-- Opening Marker --

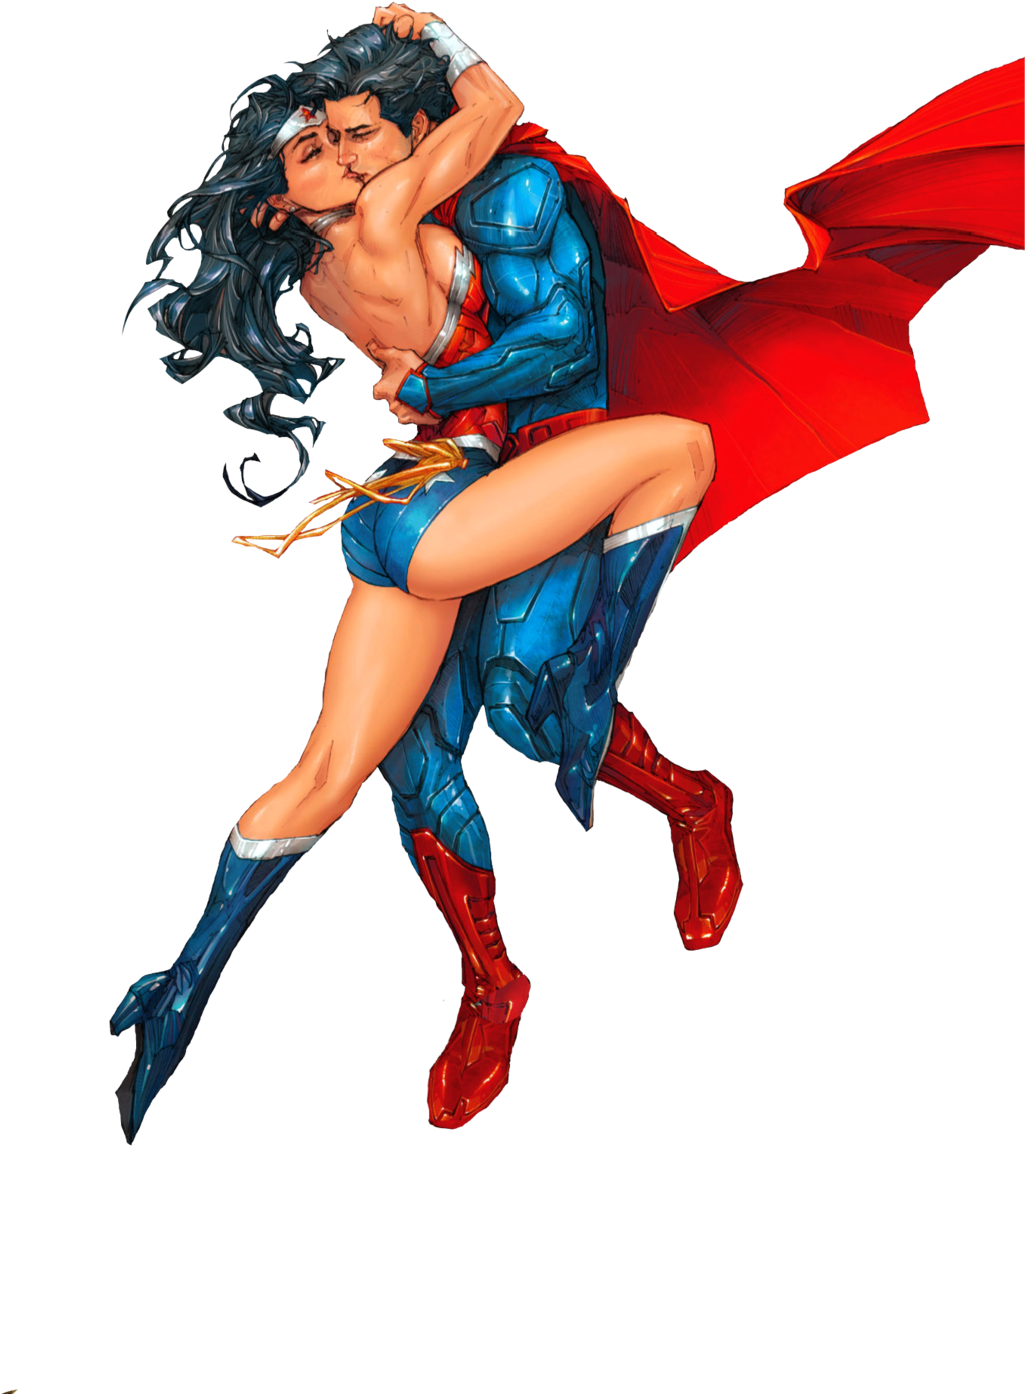 Картинка супермен с девушкой
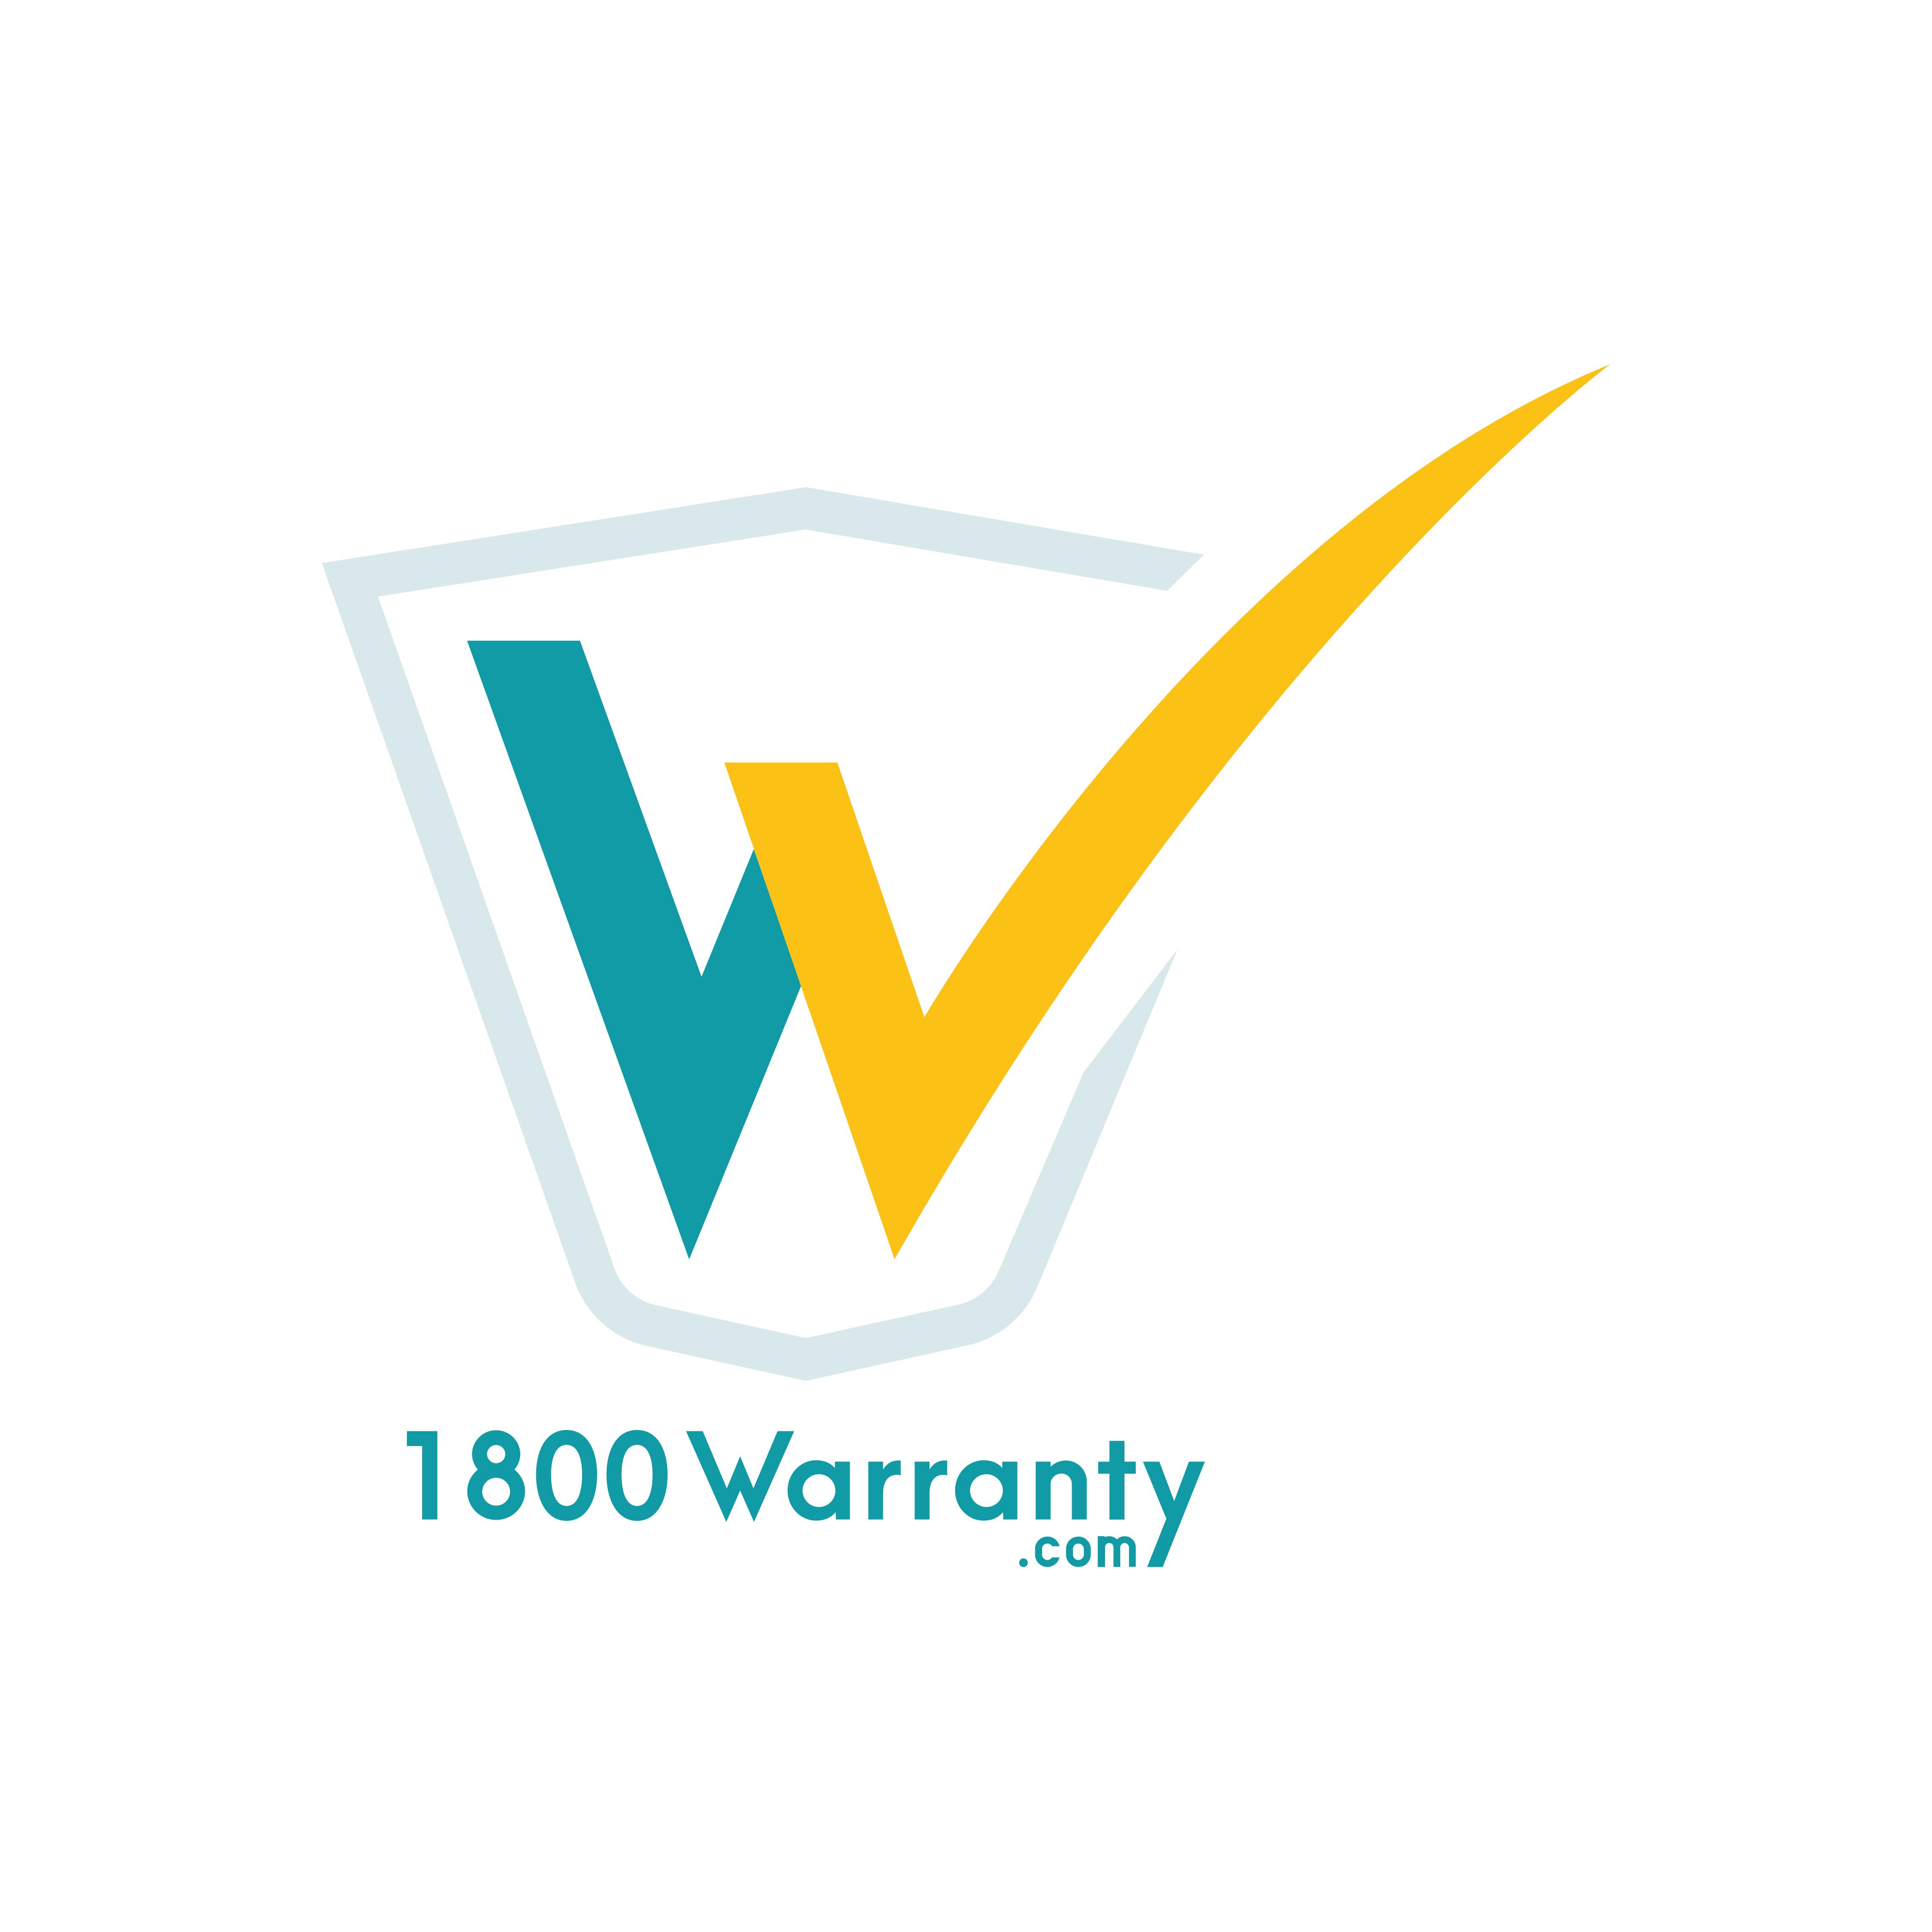 1800Warranty.com
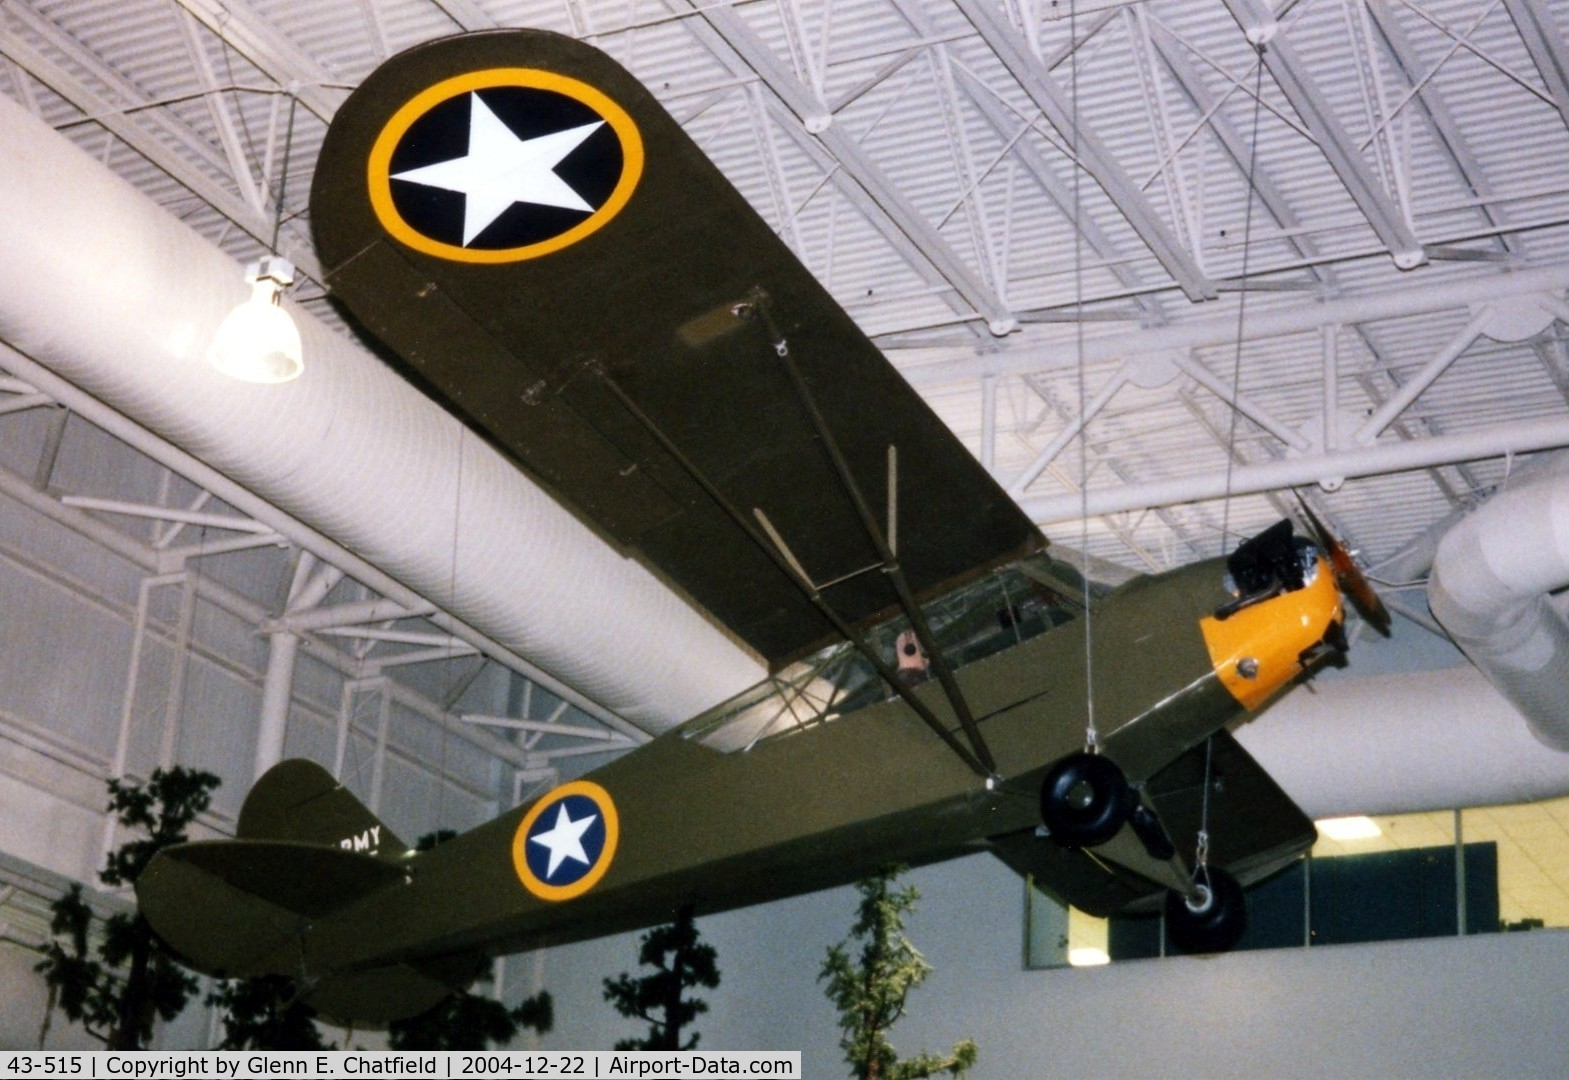 43-0515, 1943 Piper L-4B Grasshopper C/N 9376, L-4B at the Army Aviation Museum

-- Closing Marker --

=== Your goal ===
After removing the pictures, restate the whole listing above word for word.

=== Answer for the task ===
 Картинка супермен с девушкой
 1800Warranty.com
 43-0515, 1943 Piper L-4B Grasshopper C/N 9376, L-4B at the Army Aviation Museum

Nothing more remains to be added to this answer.